** Given data **
····················
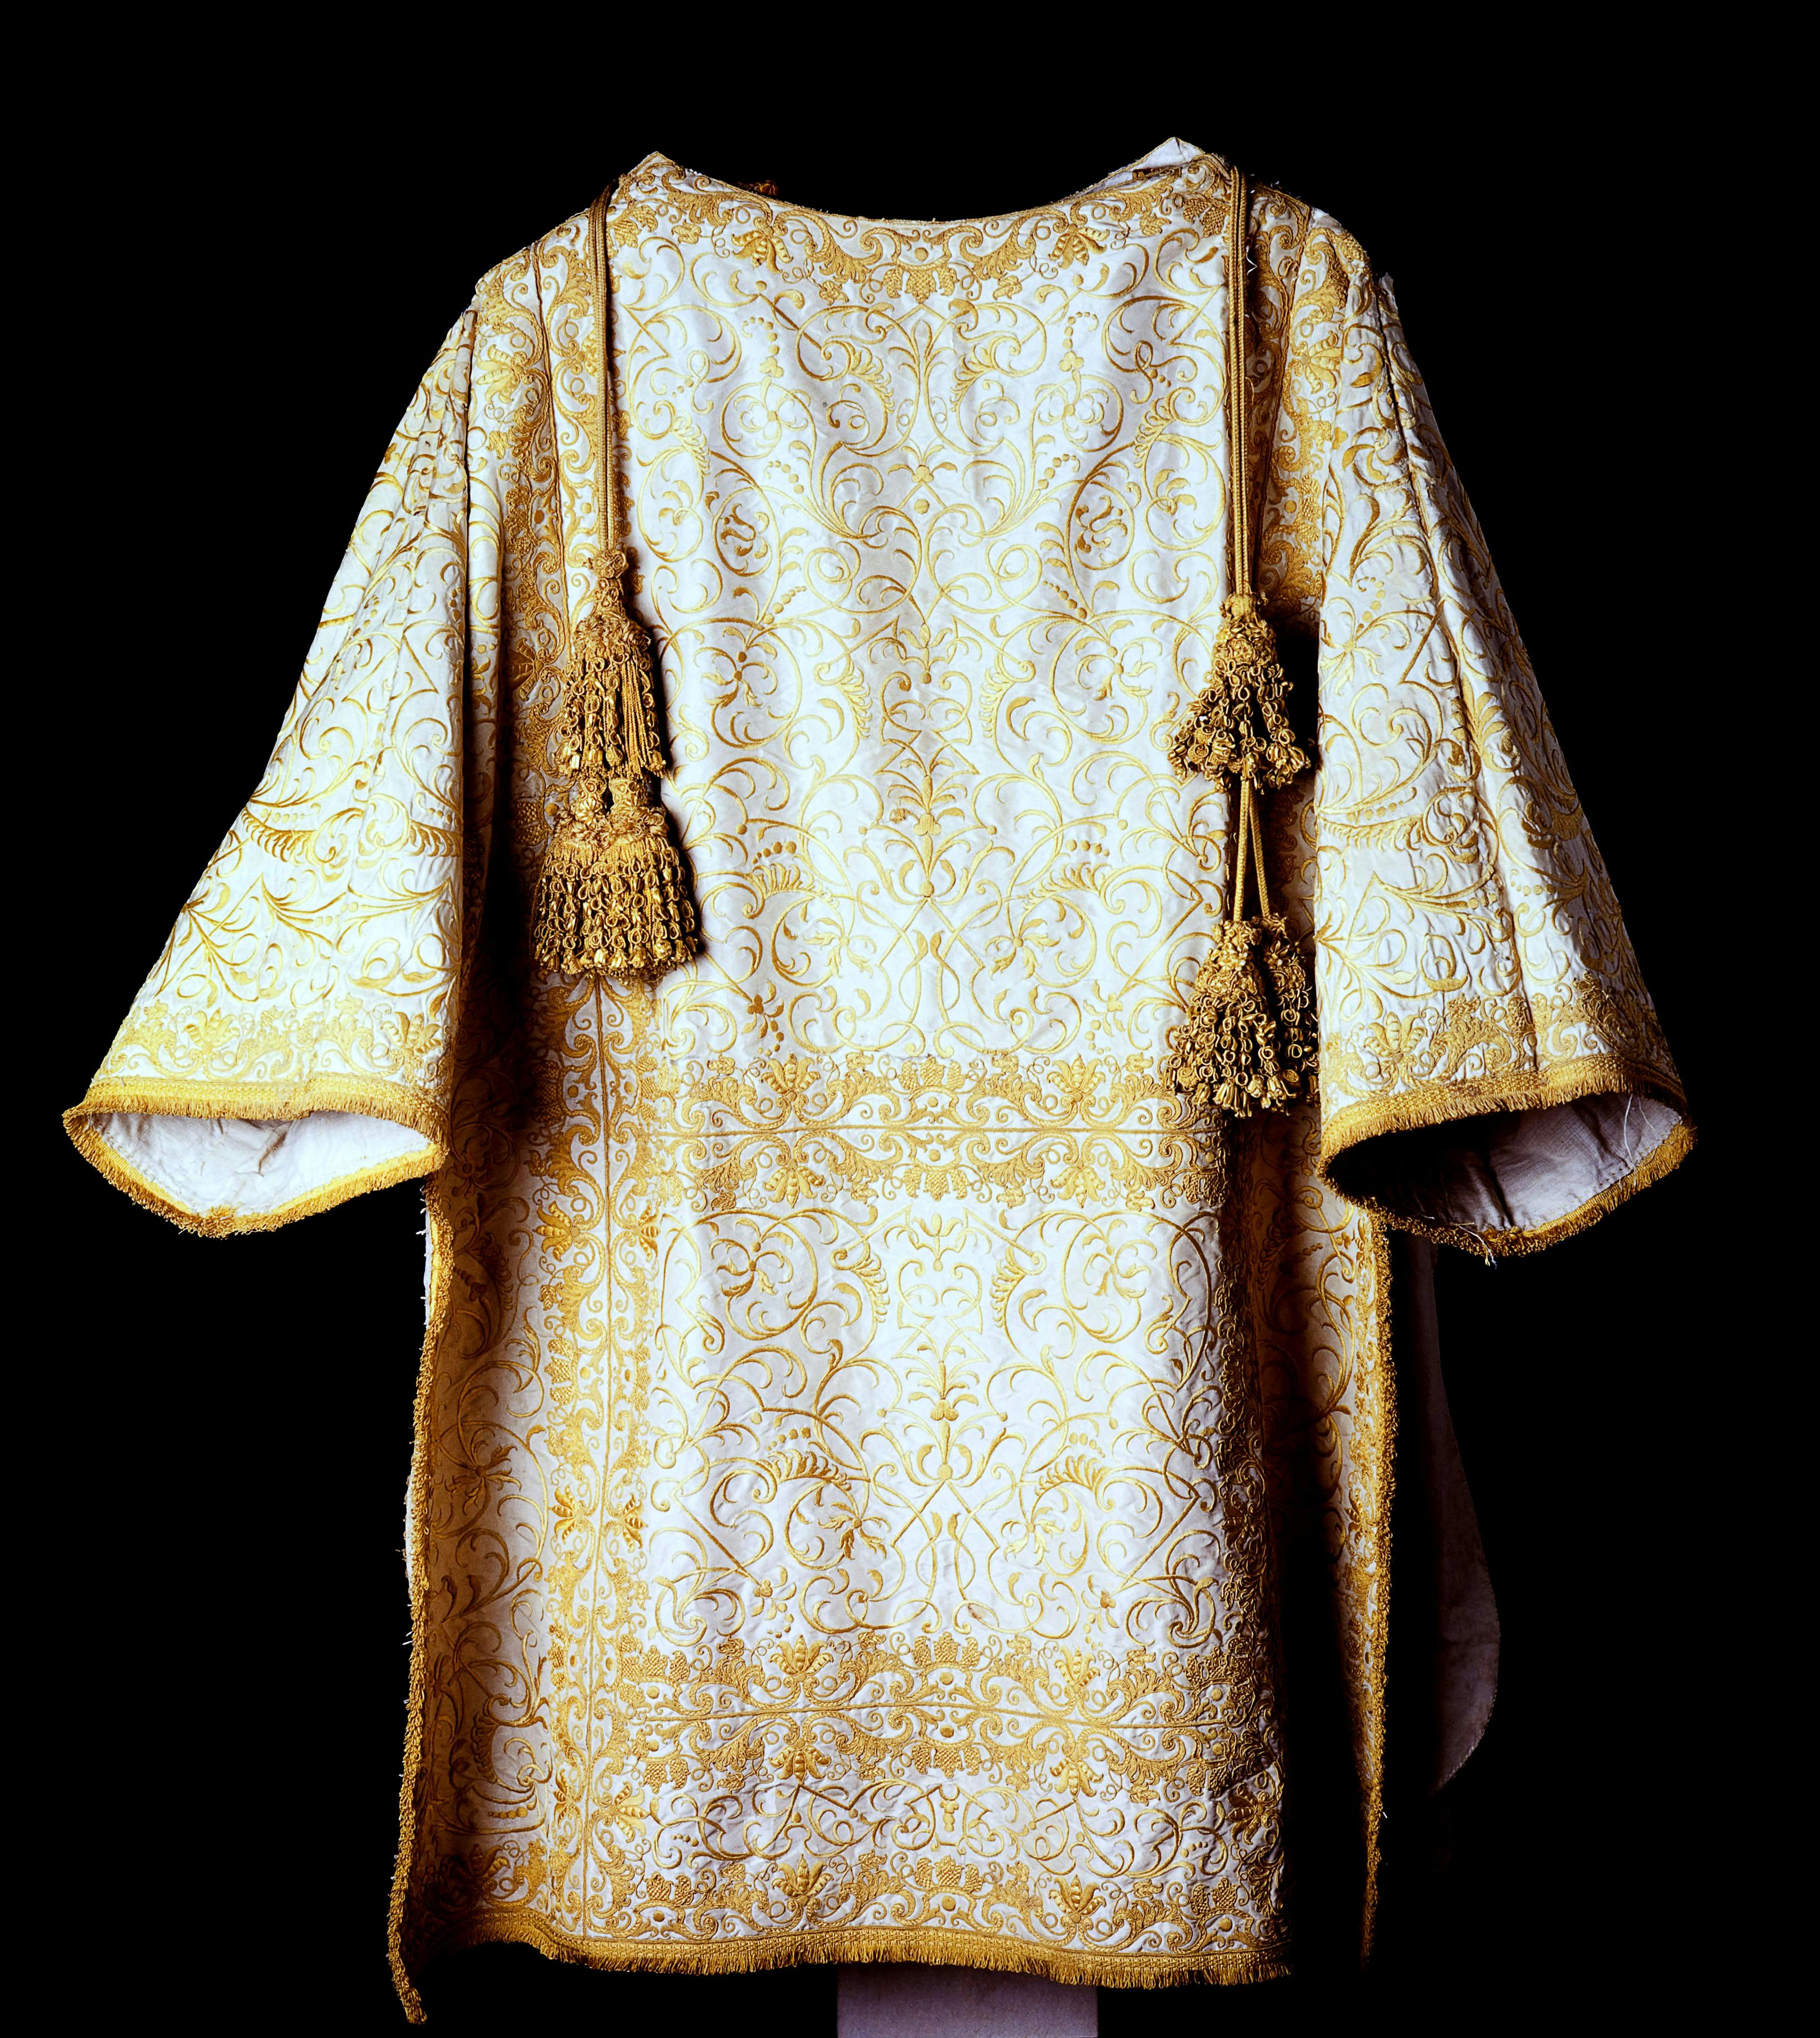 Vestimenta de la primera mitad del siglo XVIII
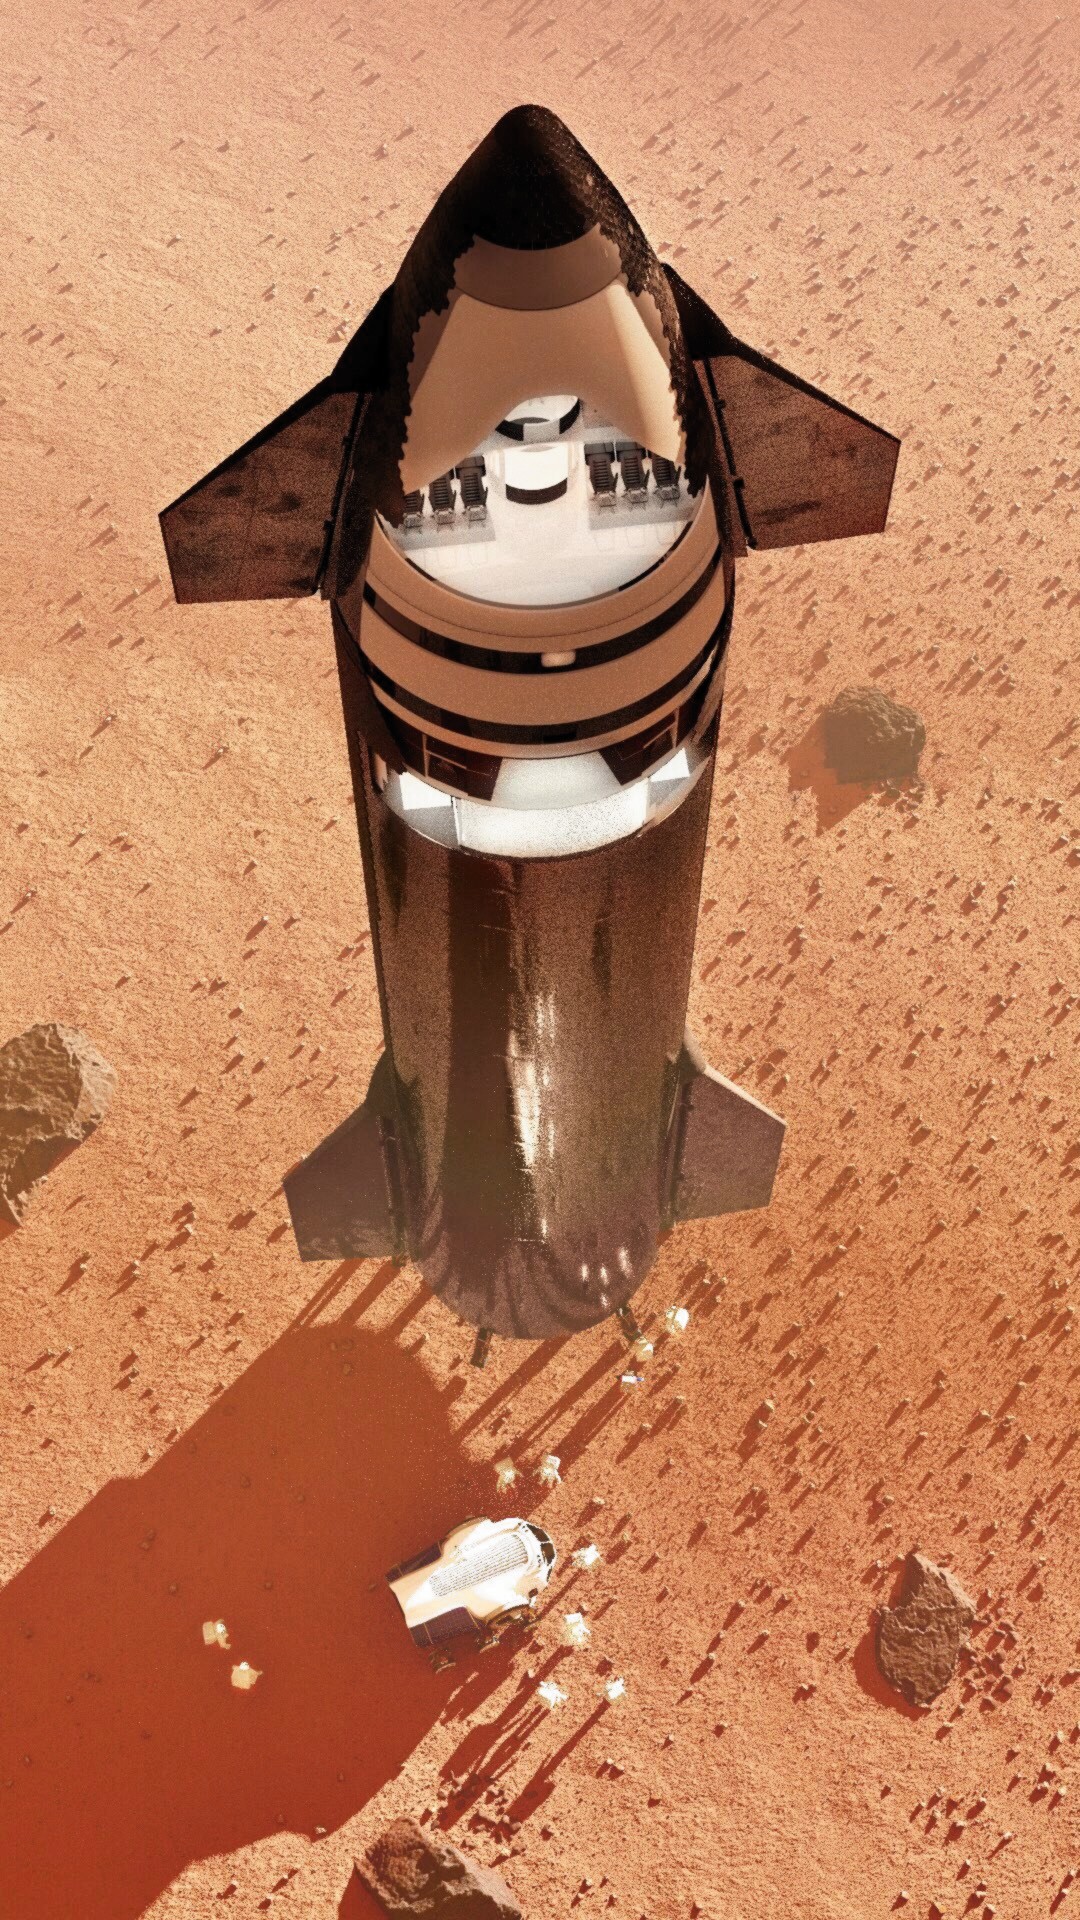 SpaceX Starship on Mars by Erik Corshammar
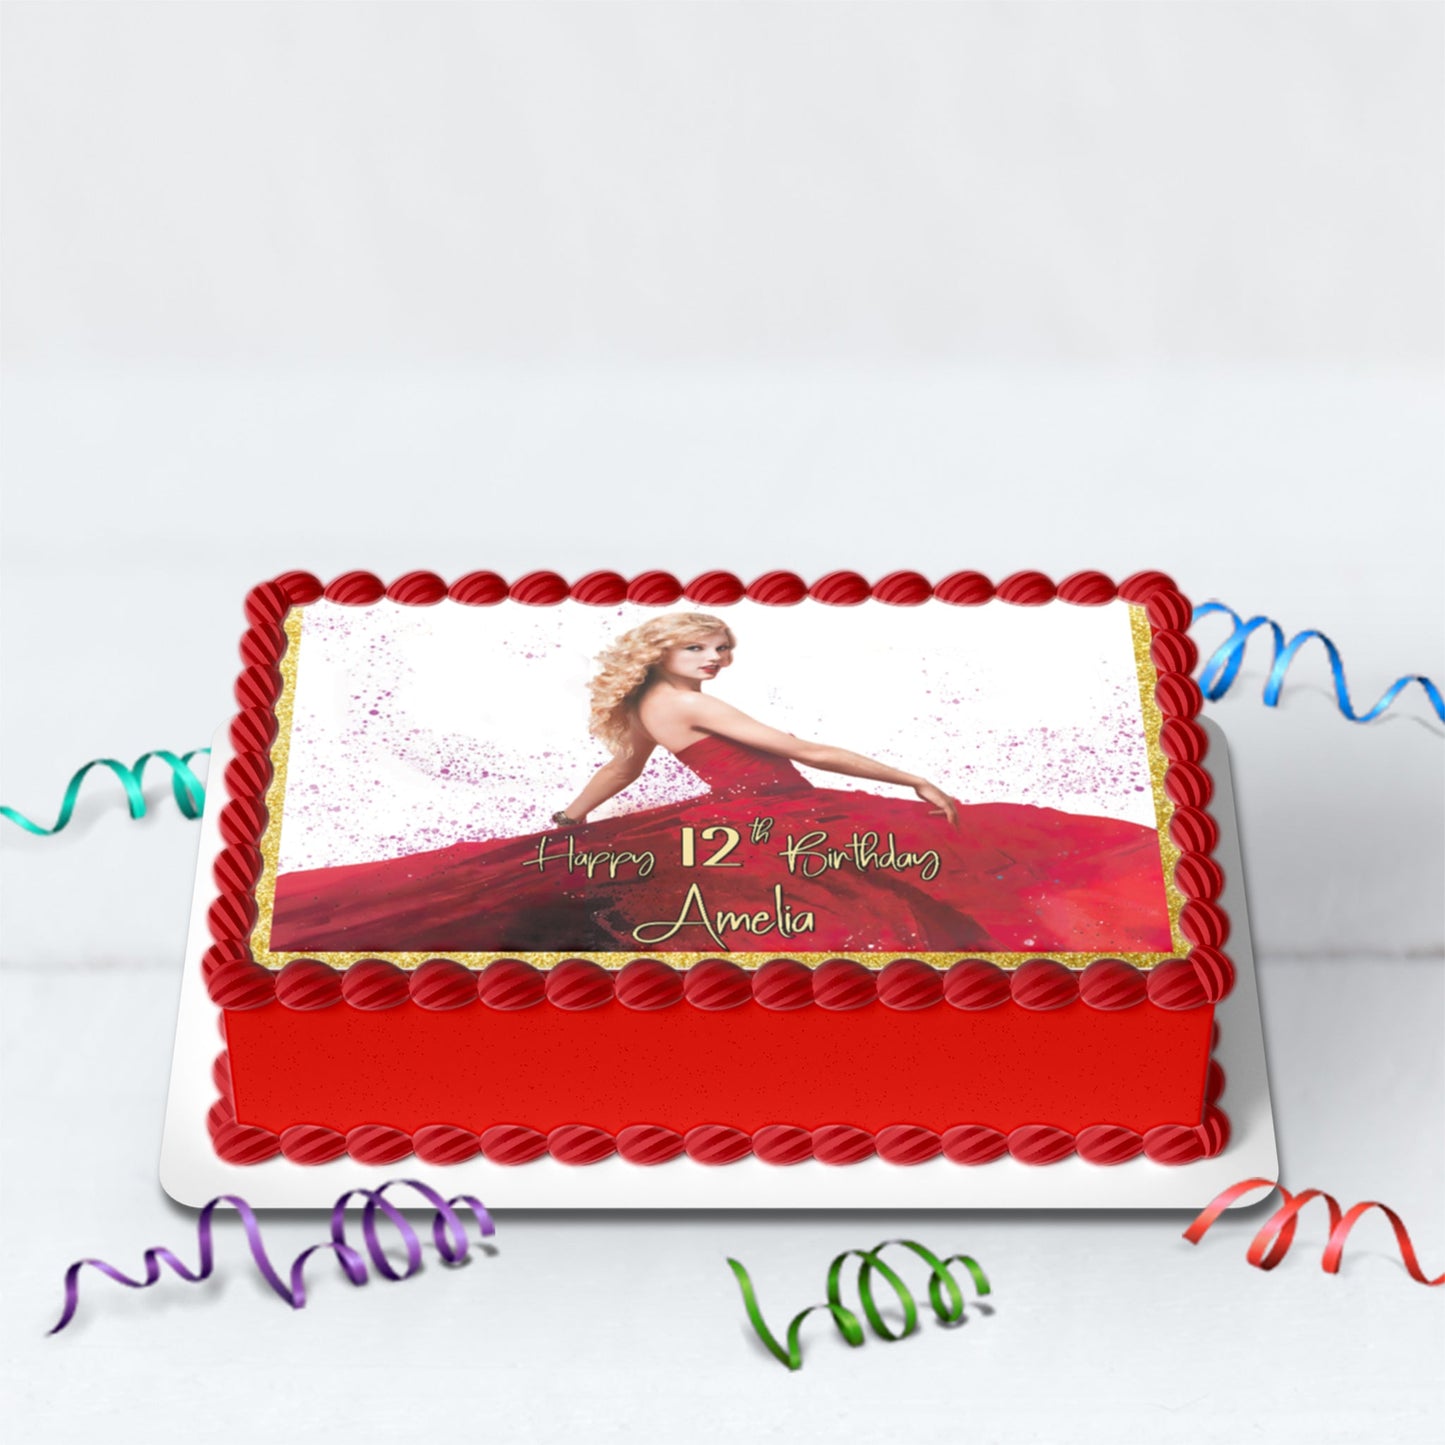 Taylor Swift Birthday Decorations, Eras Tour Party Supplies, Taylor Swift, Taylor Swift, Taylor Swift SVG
····················
** Aim of the exercise **
Return an exact transcription of the material, with its pictures left out.

** Finished exercise **
 Vestimenta de la primera mitad del siglo XVIII
 SpaceX Starship on Mars by Erik Corshammar
 Taylor Swift Birthday Decorations, Eras Tour Party Supplies, Taylor Swift, Taylor Swift, Taylor Swift SVG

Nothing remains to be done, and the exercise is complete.